Recorded information:
******
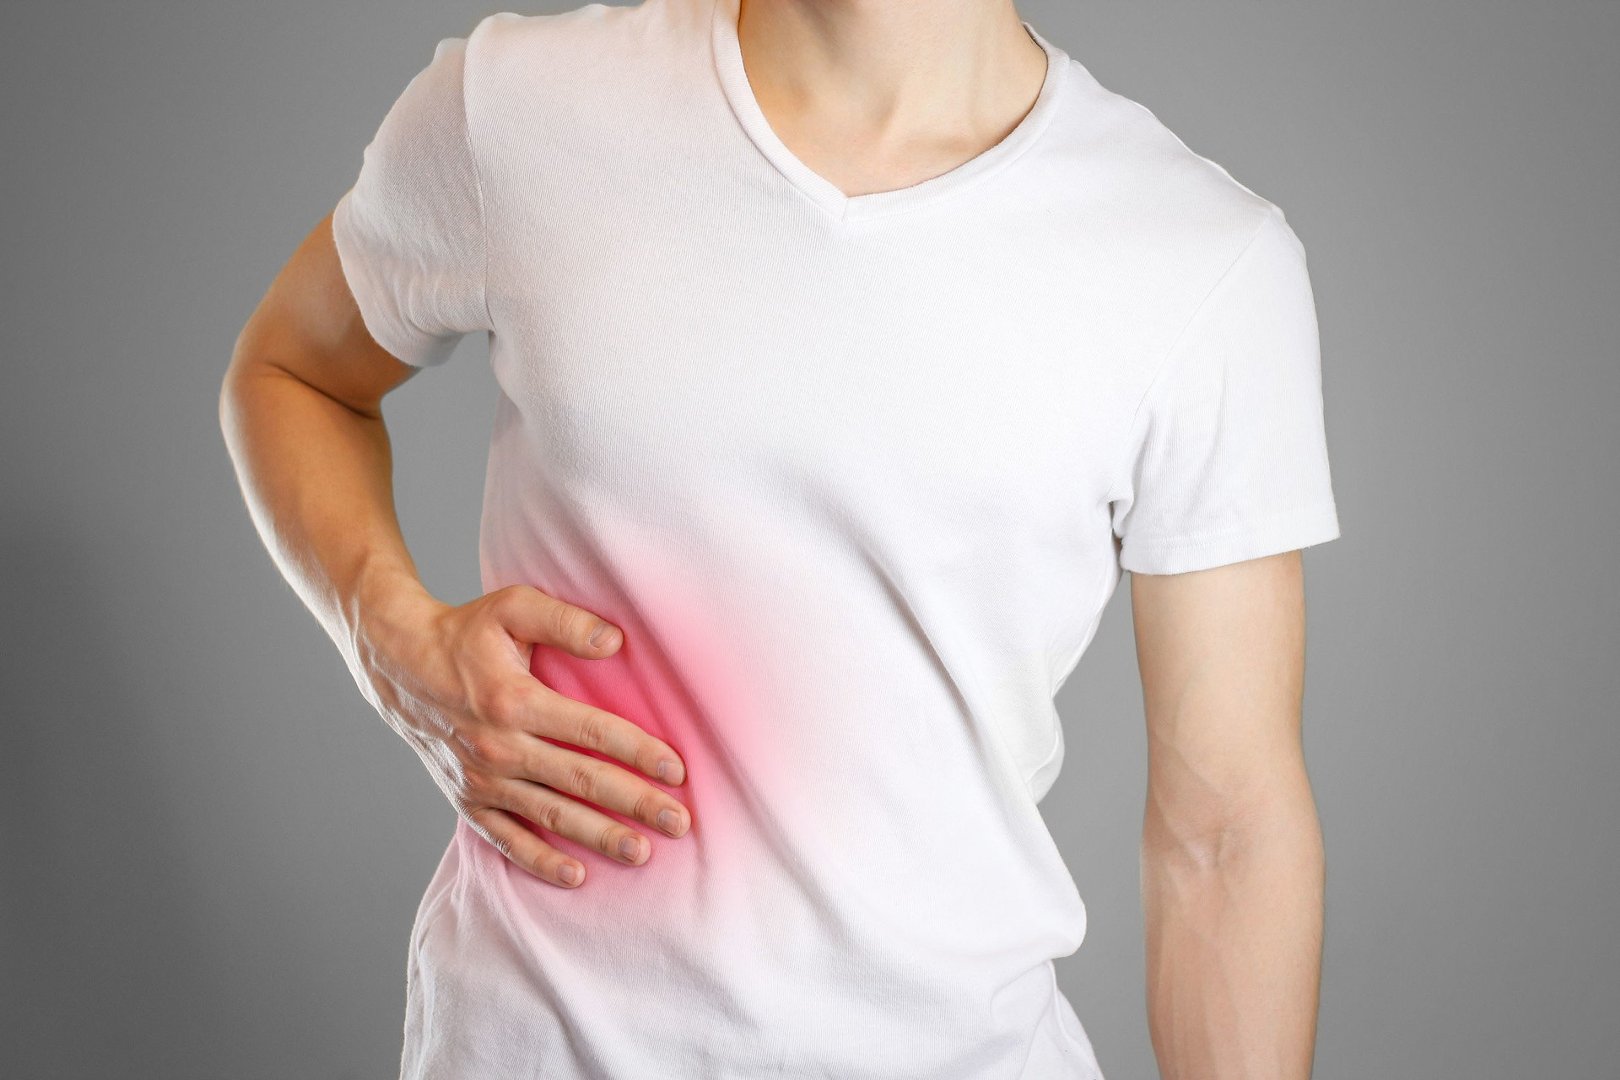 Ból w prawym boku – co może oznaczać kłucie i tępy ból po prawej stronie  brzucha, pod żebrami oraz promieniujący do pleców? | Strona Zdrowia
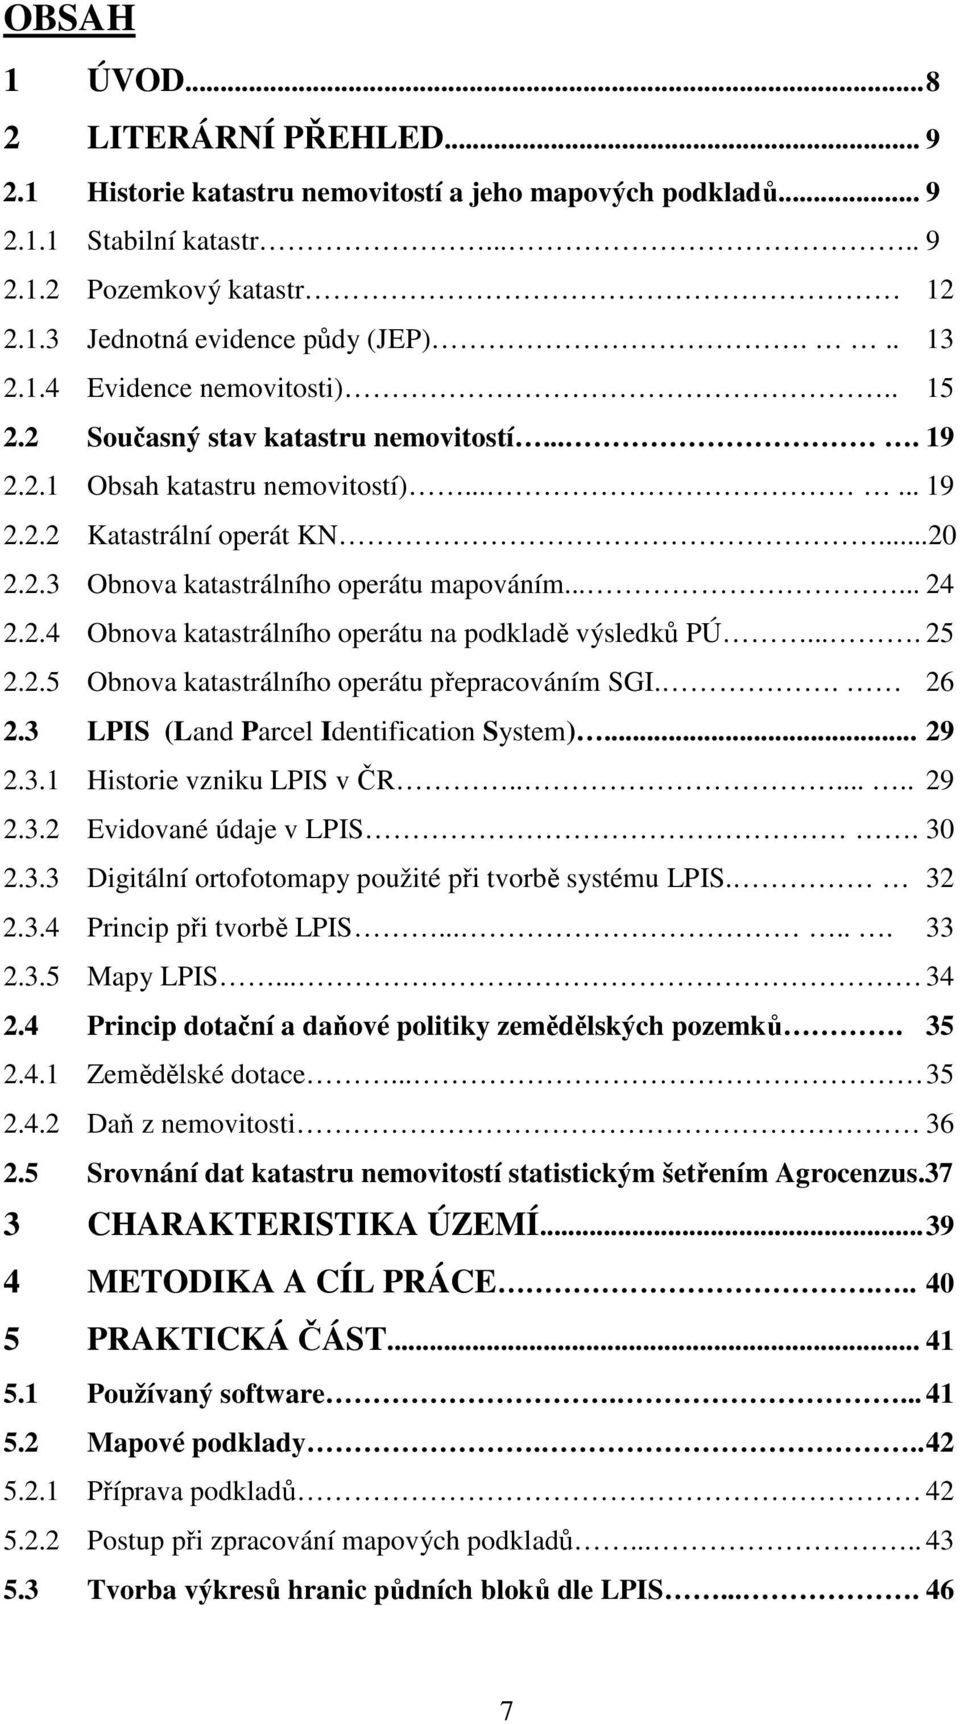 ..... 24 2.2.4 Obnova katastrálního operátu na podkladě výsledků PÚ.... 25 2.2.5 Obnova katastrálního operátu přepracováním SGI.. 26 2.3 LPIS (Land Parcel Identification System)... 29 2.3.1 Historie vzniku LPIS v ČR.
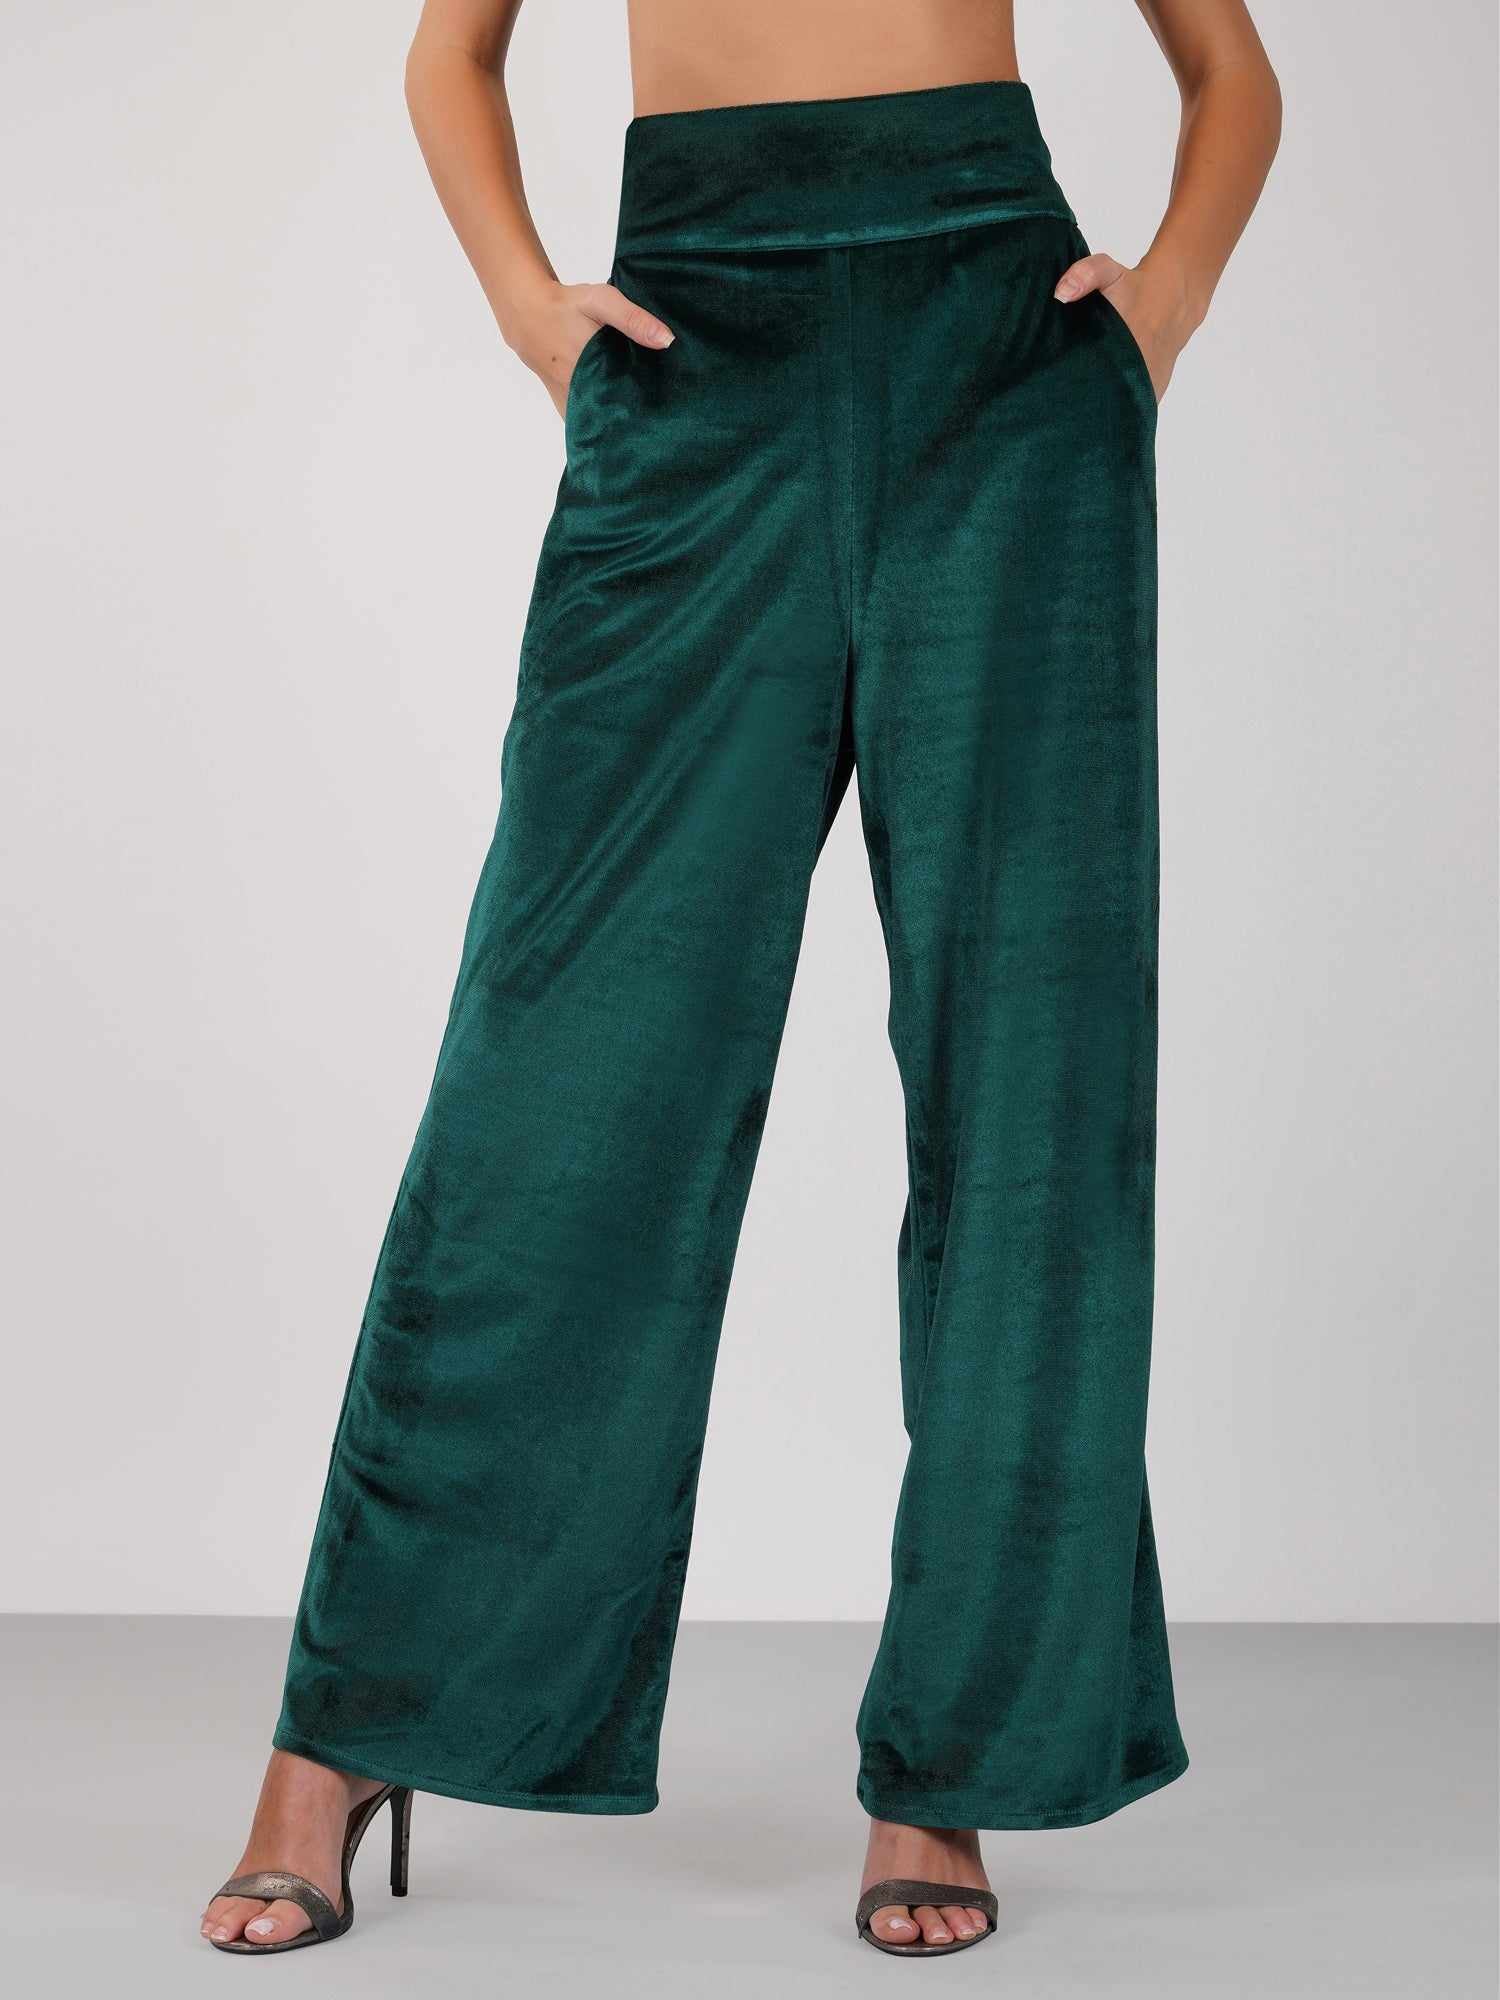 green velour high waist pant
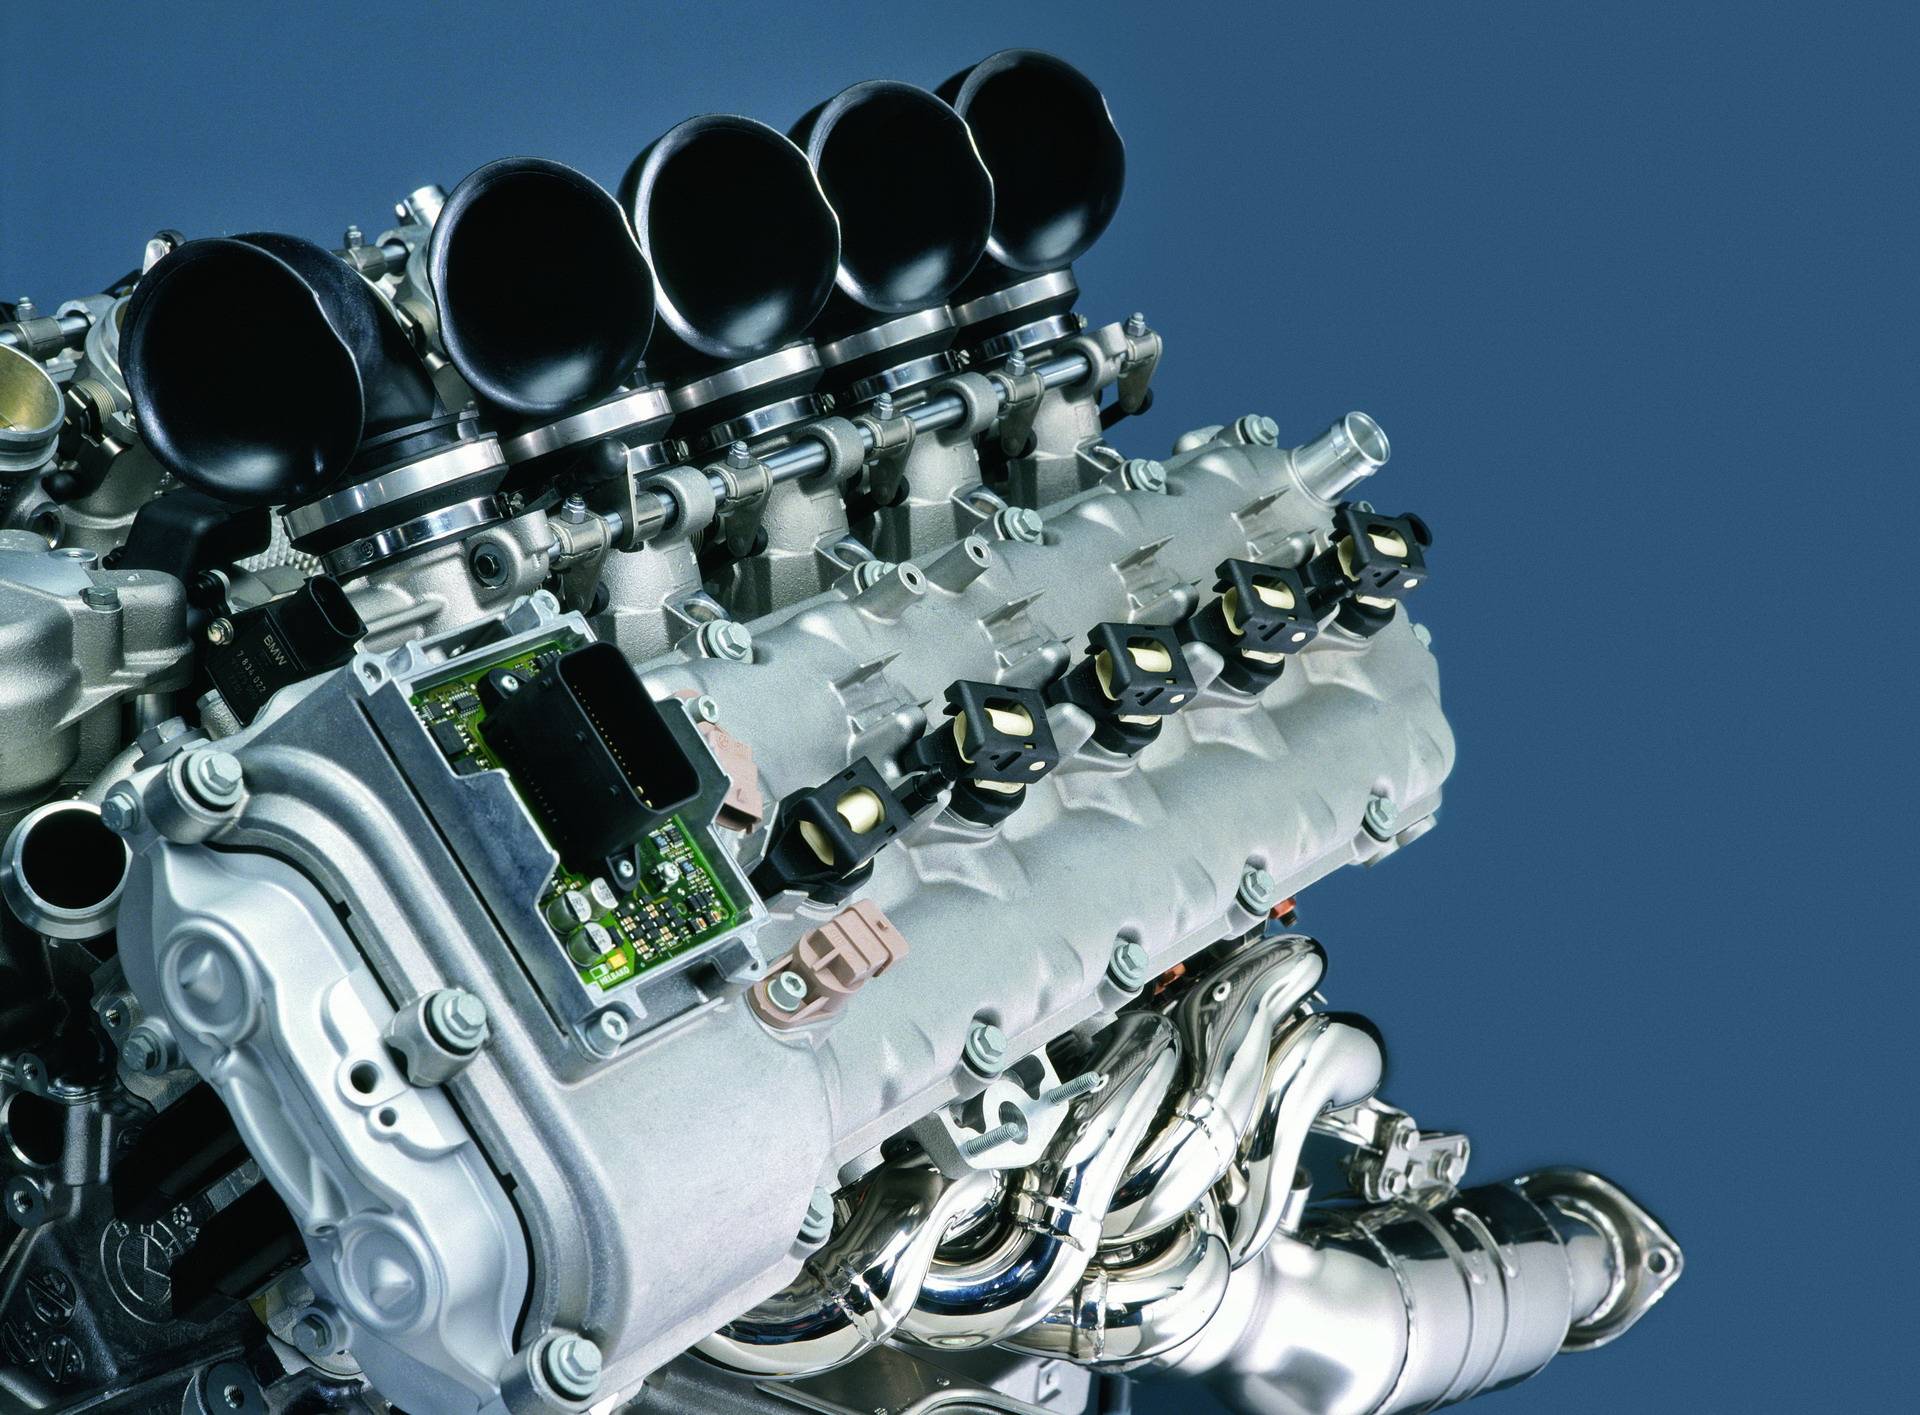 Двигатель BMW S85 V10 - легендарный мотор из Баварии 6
******
The data is to be printed again exactly, but without its pictures.

 Ból w prawym boku – co może oznaczać kłucie i tępy ból po prawej stronie  brzucha, pod żebrami oraz promieniujący do pleców? | Strona Zdrowia
 ..... 24 2.2.4 Obnova katastrálního operátu na podkladě výsledků PÚ.... 25 2.2.5 Obnova katastrálního operátu přepracováním SGI.. 26 2.3 LPIS (Land Parcel Identification System)... 29 2.3.1 Historie vzniku LPIS v ČR.
 green velour high waist pant
 Двигатель BMW S85 V10 - легендарный мотор из Баварии 6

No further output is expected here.